The effect of force on translation rates. (A–I) The translation rate traces were determined by averaging the 1-kHz acquired bead displacement data to 0.5 Hz, and then taking the first derivative smoothed with a 2-s adjacent averaging window. The maximum translation rate (full horizontal line), average rate for translation before initial compaction (dashed line), and average rate over 40 s with compaction (dotted line) are shown. Pro–Pro stalling during translation free from compaction is highlighted with a green background. Pie charts depict the fraction of nascent chains remaining unfolded (colored) and folded (gray) during synthesis under tension. Increased tension on the nascent chain during synthesis reduces the average rate of translation before initial compaction for hTau40 and DHFR (n = 61). Because GFPem already folds at the N-terminal under the tensions used here, only its maximum rate and overall average rate convoluted with folding/unfolding could be determined.

The nature of the amino acids preceding and following a successive proline sequence position also appeared to play a role. As shown in the Inset of Fig. 3B and SI Appendix, Fig. S8B, the first Pro–Pro incorporation into hTau40’s sequence at 158APPG161 took longer than that of the following Pro–Pro incorporations in the linearly extended (unfolded) regime (white background in Fig. 4): 175TPPA178, 181TPPS184, 187EPPK190, and 217TPPT220 (SI Appendix, Fig. S5).

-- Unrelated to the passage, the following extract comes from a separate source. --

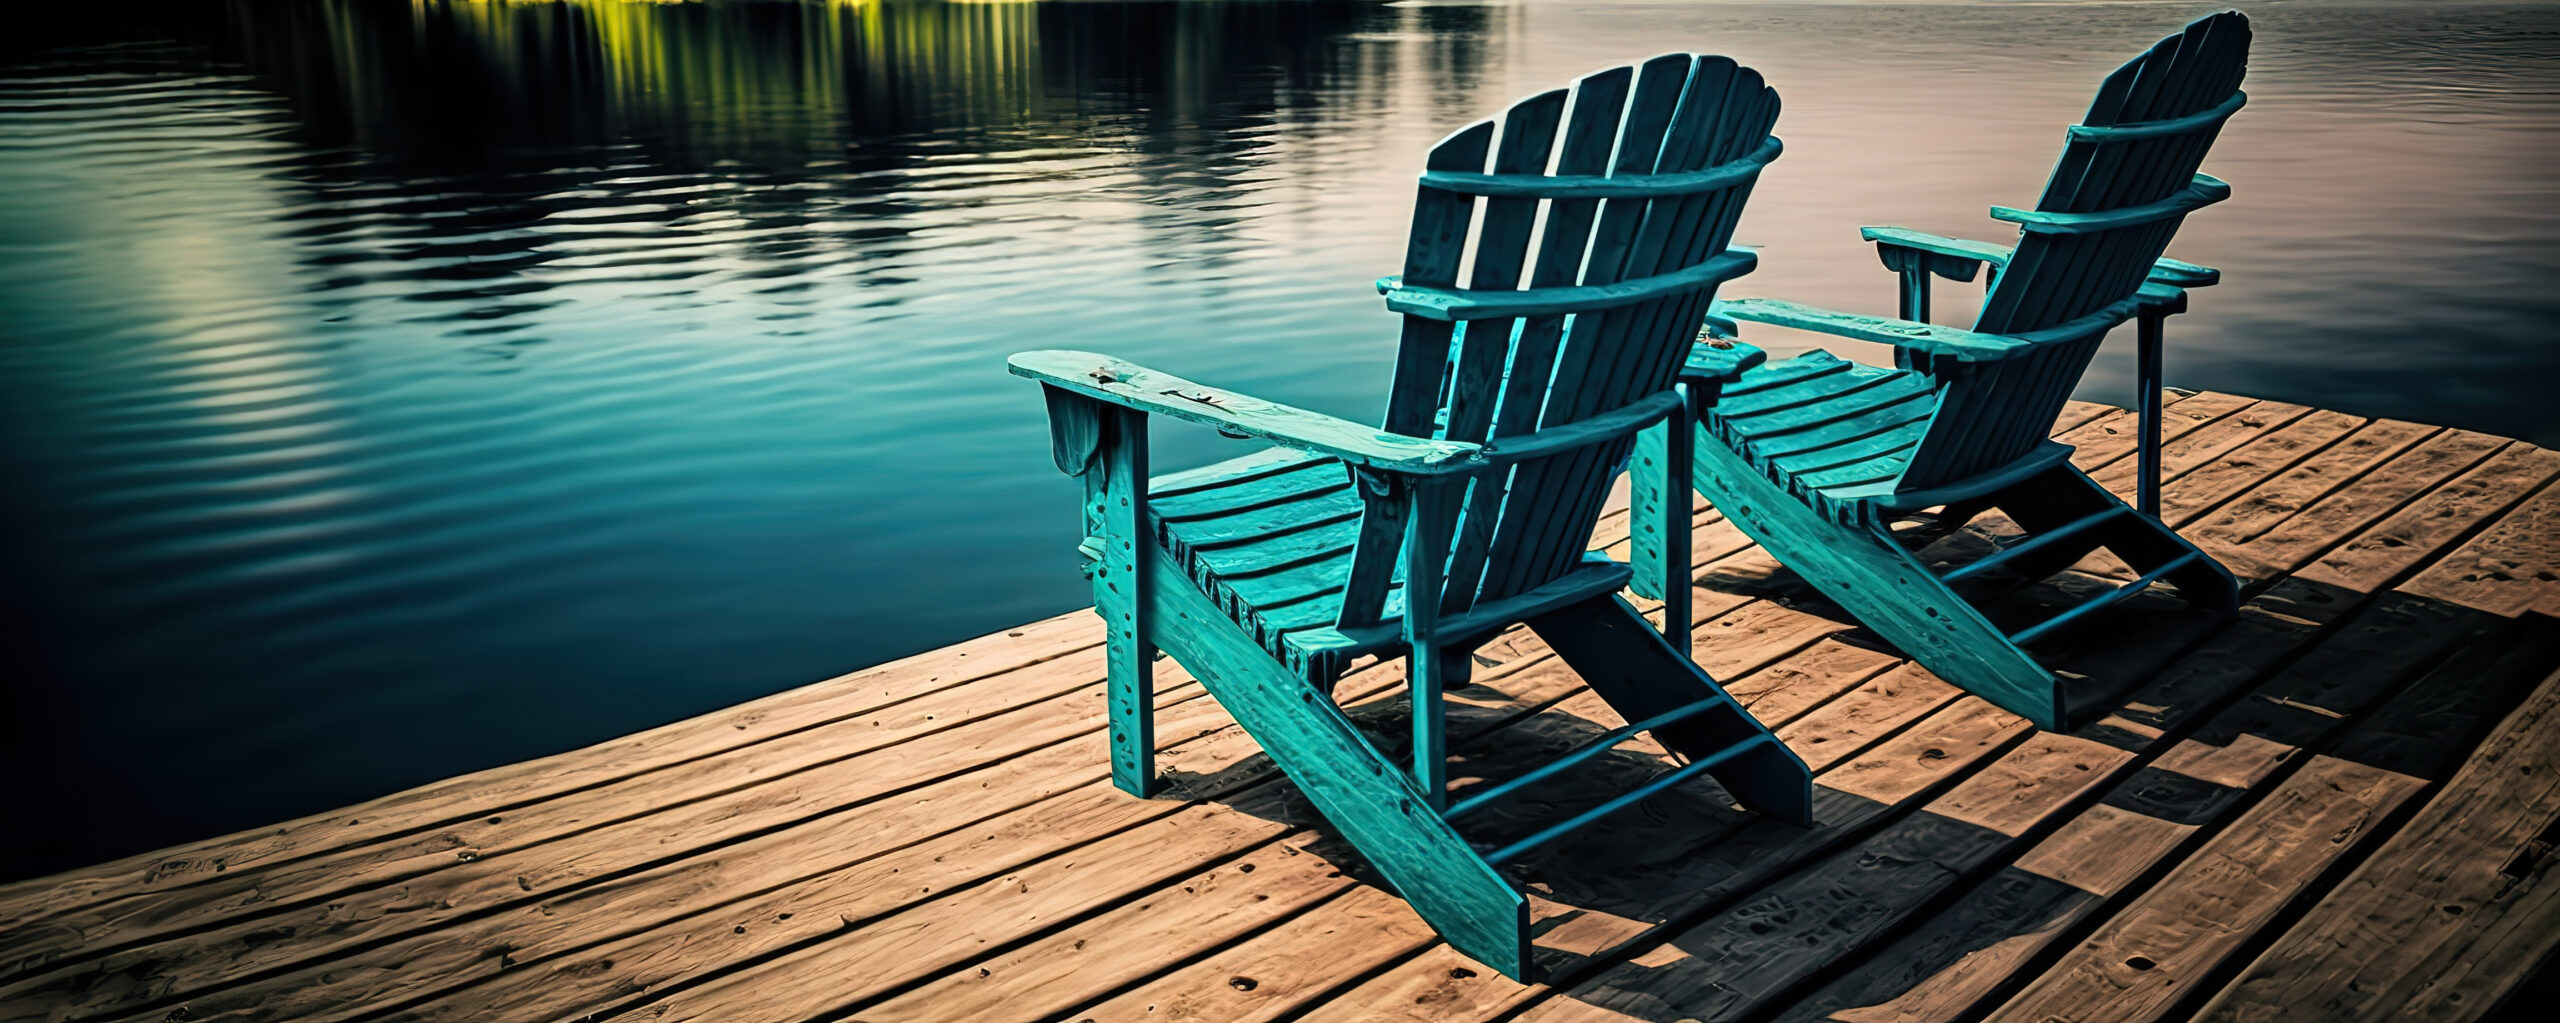 Blue muskoka chairs on a dock overlooking a lake.

Cotranslational Nascent-Chain Compaction.

As seen in Fig. 3A and SI Appendix, Figs. S8A and S9, the first instance of cotranslational compaction for the DHFR construct, being synthesized at a tension of 10–20 pN, resulted in a sudden change in the rate of bead displacement at around sequence position 74, near a cluster of hydrophobic residues composed of Leu, Ile, and Val. After partial cotranslational folding had occurred, we did not observe further fast increases of bead–bead displacements even though translation likely continued under the applied tension. The observed equilibrium position after synthesis of position 74 was probably the result of synchronous compaction during elongation due to folding (Fig. 3D), as demonstrated by posttranslational unfolding to the full length of the construct (Fig. 2 A and D).

In the N-terminal half of hTau40’s sequence, amino acids with lower hydrophobicity, such as Ala and Gly, form the bulk of all hydrophobic residues. The overall hydrophobicity of the C-terminal half of the hTau40 sequence starting at Val226 is greater, because Ala and Gly become rarer. During translation of the hTau40 construct at a tension of 7–10 pN, we observed cotranslational compaction starting from sequence positions 228–307 (84% of traces at 7 pN, 71% at 10 pN) (Figs. 3B and 4 B and C, and SI Appendix, Figs. S8B and S10A).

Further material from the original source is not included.